20 Novembre 2008 à 0H00

«Des enfants m'ont écrit pour me dire qu'ils m'aimaient et s'ennuyaient de moi. Ce fut difficile d'abandonner, mais je ne pouvais plus supporter la précarité et l'instabilité, les contrats à demi-temps - trois jours dans une école et deux dans une autre - renouvelables chaque année», raconte Patricia Brodeur (B. Éd. Enseignement préscolaire et primaire, 04), qui enseignait depuis quatre ans dans le quartier défavorisé d'Hochelaga-Maisonneuve, à Montréal.

«Le décrochage scolaire au Québec ne touche pas uniquement les élèves, souligne Gérald Boutin, professeur au Département d'éducation et formation spécialisées. On estime à 20 % environ la proportion de jeunes enseignants dans les écoles primaires et secondaires qui désertent la profession en début de carrière, soit au cours des cinq premières années.» Le phénomène est préoccupant, surtout dans un contexte marqué par de nombreux départs à la retraite et par une pénurie de ressources dans certaines disciplines au secondaire (sciences, mathématiques et anglais, langue seconde).

«Les jeunes enseignants se sentent isolés et souffrent d'insécurité, affirme Philippe Savard (B.Éd. enseignement secondaire, concentration sciences, 02), qui préside le Conseil des diplômés de la Faculté des sciences de l'éducation de l'UQAM. Ils font de la suppléance ou remplacent ceux qui sont en congé de maladie, tout en héritant de tâches ou de groupes difficiles que des collègues plus chevronnés refusent d'assumer. Une réalité radicalement différente de celle qu'ils ont vécue pendant leurs stages de formation, alors qu'ils étaient étroitement encadrés par des enseignants en exercice.»
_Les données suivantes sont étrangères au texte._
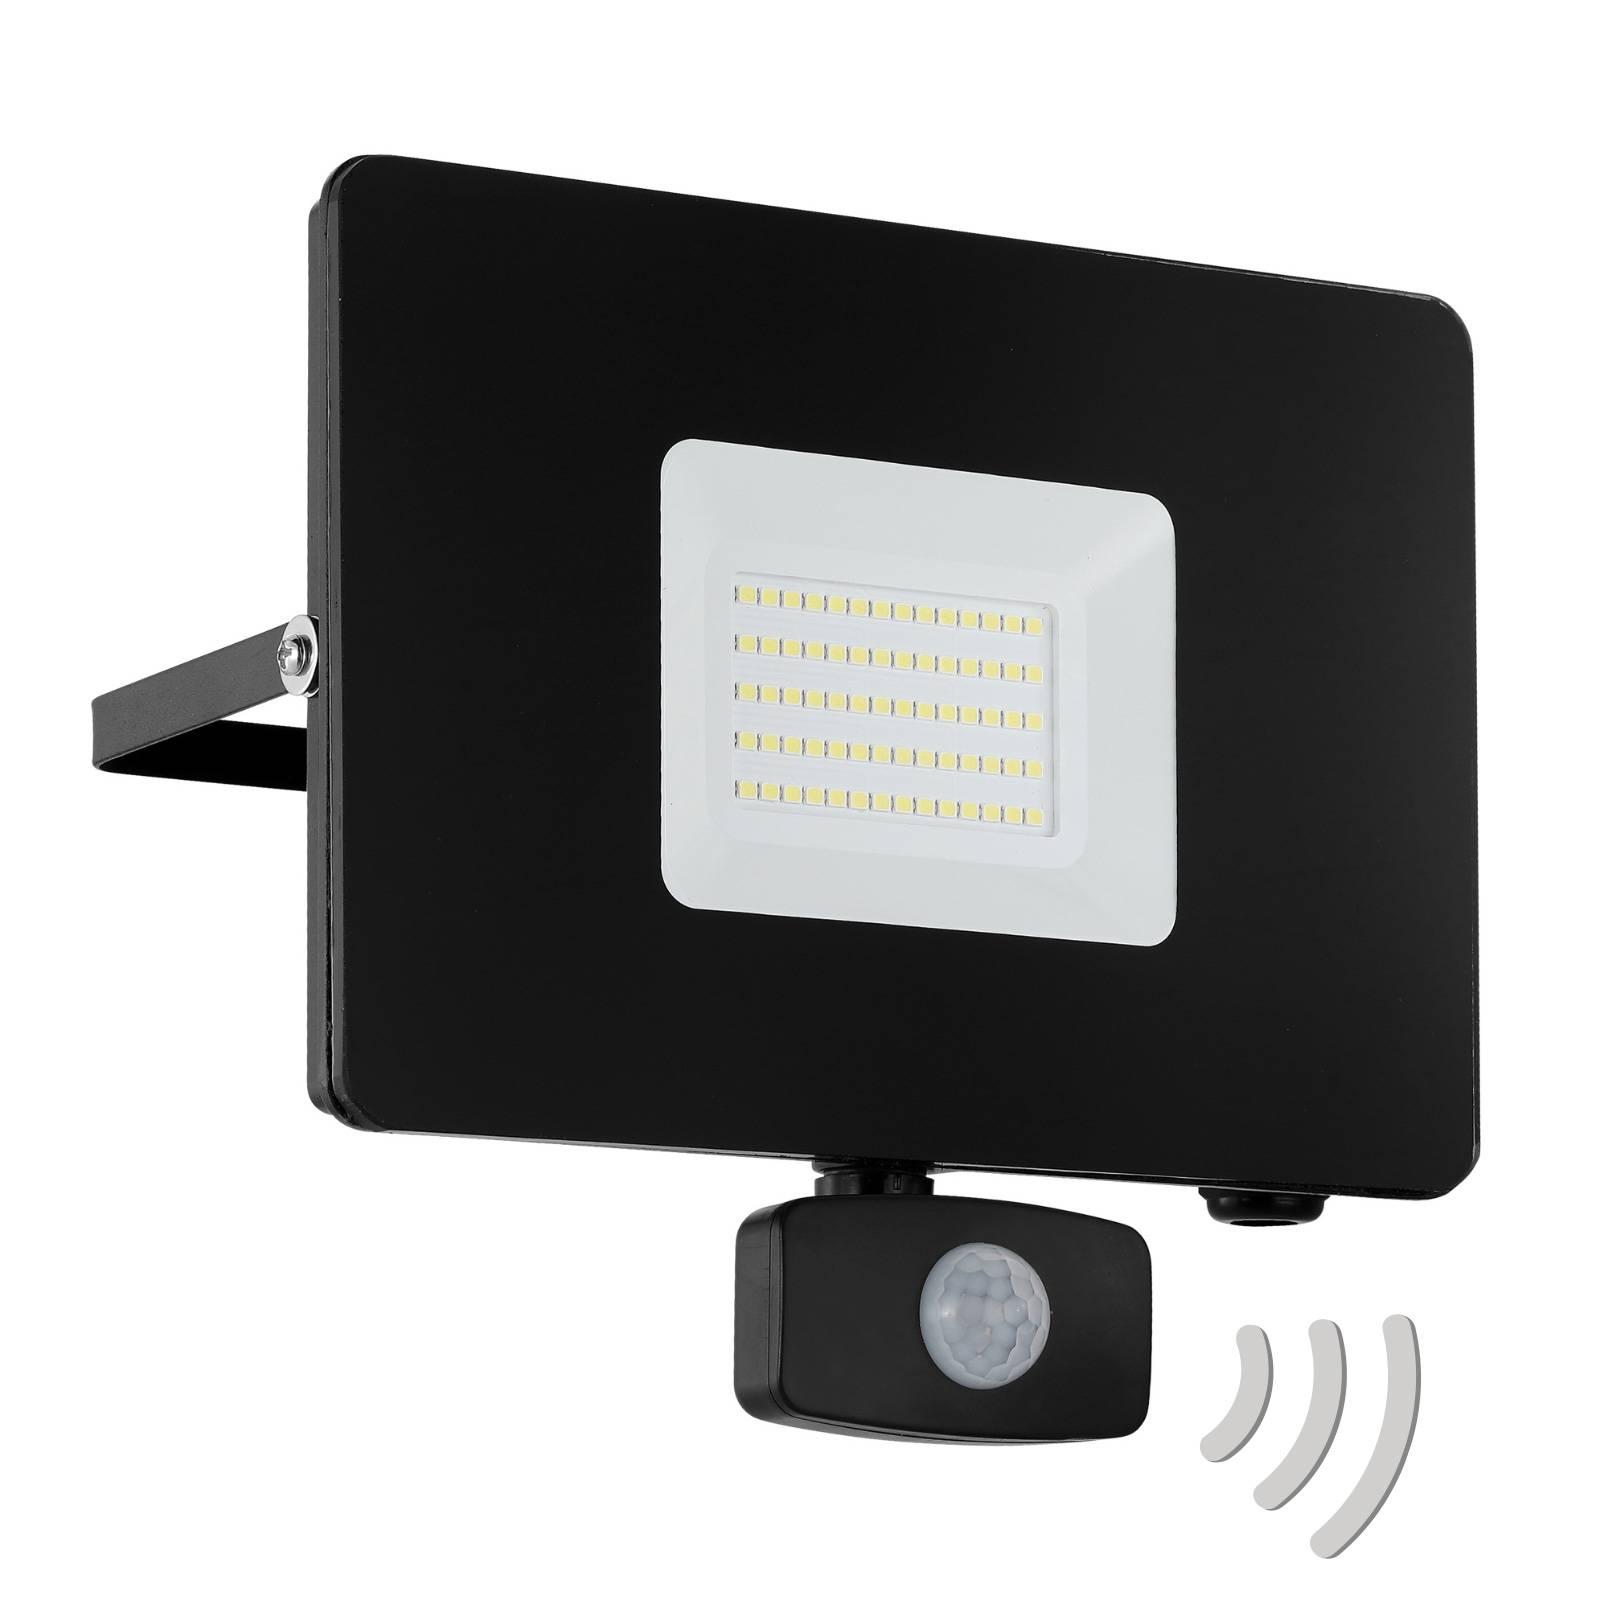 LED buitenspot Faedo 3 met sensor, zwart, 50W

Après avoir travaillé pendant quatre ans comme orthopédagogue dans différentes écoles primaires de la Commission scolaire de Montréal, Mélissa Métivier (B.Éd. enseignement en adaptation scolaire et sociale, 04, M.A. éducation, 06) a décidé de se réorienter et entreprendra cet automne une maîtrise en administration publique à l'ÉNAP. Changer d'école chaque année n'était pas sa tasse de thé. «J'ai même travaillé dans deux ou trois écoles en même temps!, dit-elle. Dans de telles conditions, comment assurer un suivi adéquat auprès des enfants?»
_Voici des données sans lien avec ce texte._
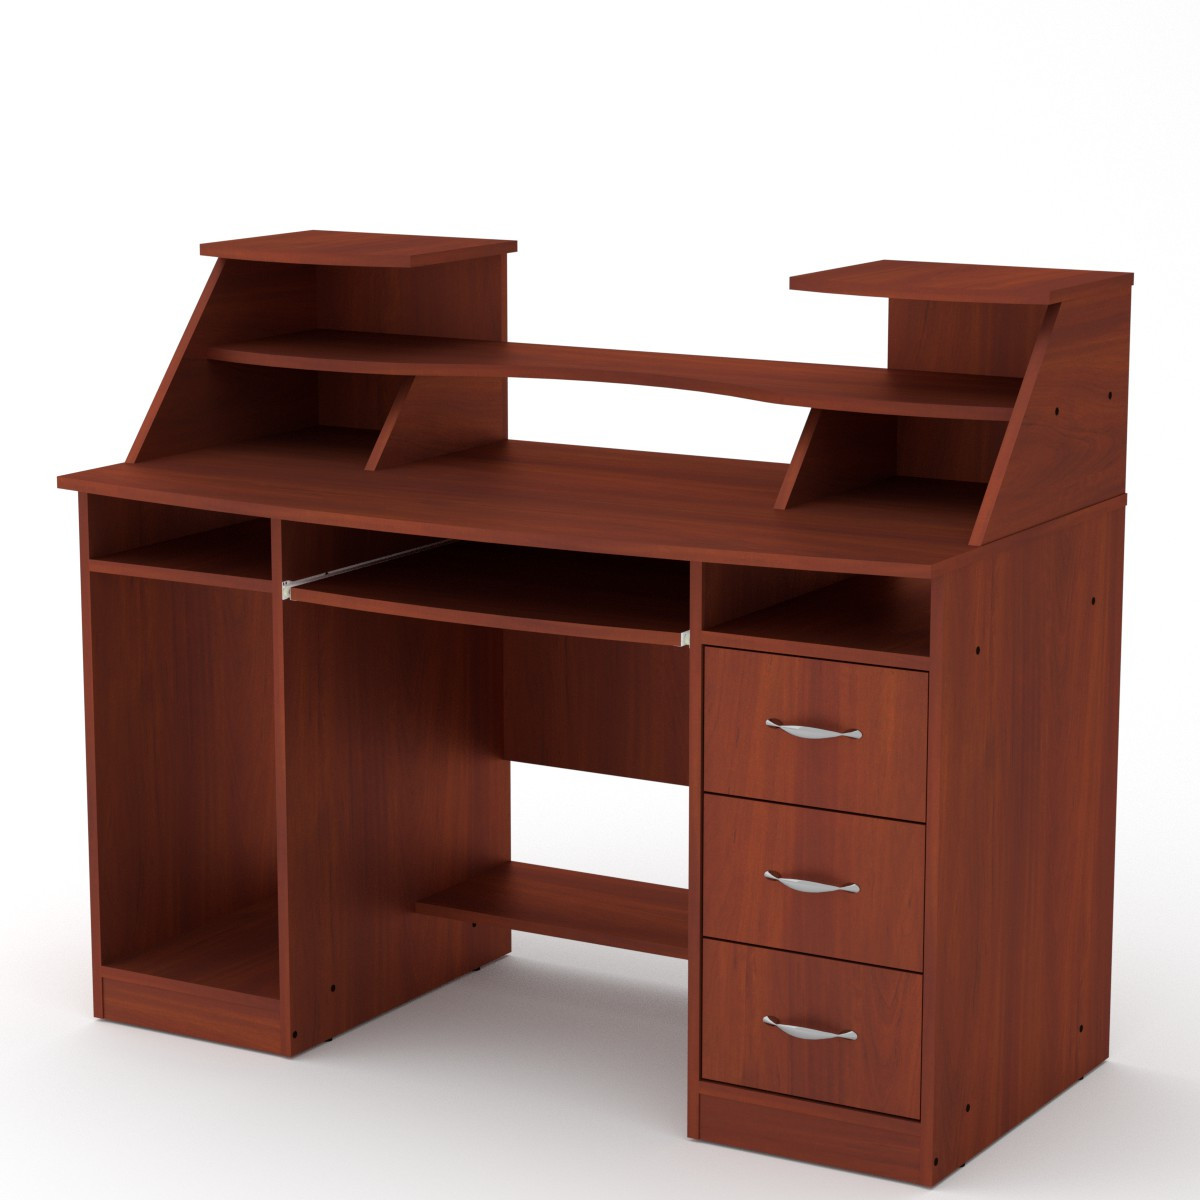 Стол компьютерный Комфорт-5 яблоня Компанит (127х65х104 см)

Il est difficile de s'attacher à son milieu de travail et de développer une relation de confiance avec ses élèves et ses collègues quand on est ballotté d'une école à une autre. À la fin de chaque année scolaire, 500 à 600 enseignants qui n'ont pas de permanence consultent une liste où sont affichées les offres d'emploi dans les différentes écoles. Le premier choix appartient à ceux qui ont le plus d'ancienneté. «Moi, j'occupais le 375e rang après quatre ans!», lance Patricia Brodeur sur un ton exaspéré. Philippe Savard, lui, est l'exception qui confirme la règle. «J'ai été chanceux, admet-il. Je n'ai pas eu à attendre six à dix ans pour avoir un poste régulier. Comme on manque de profs en sciences au secondaire, j'en ai obtenu un après deux ans, dans une école alternative, un milieu qui me convient.»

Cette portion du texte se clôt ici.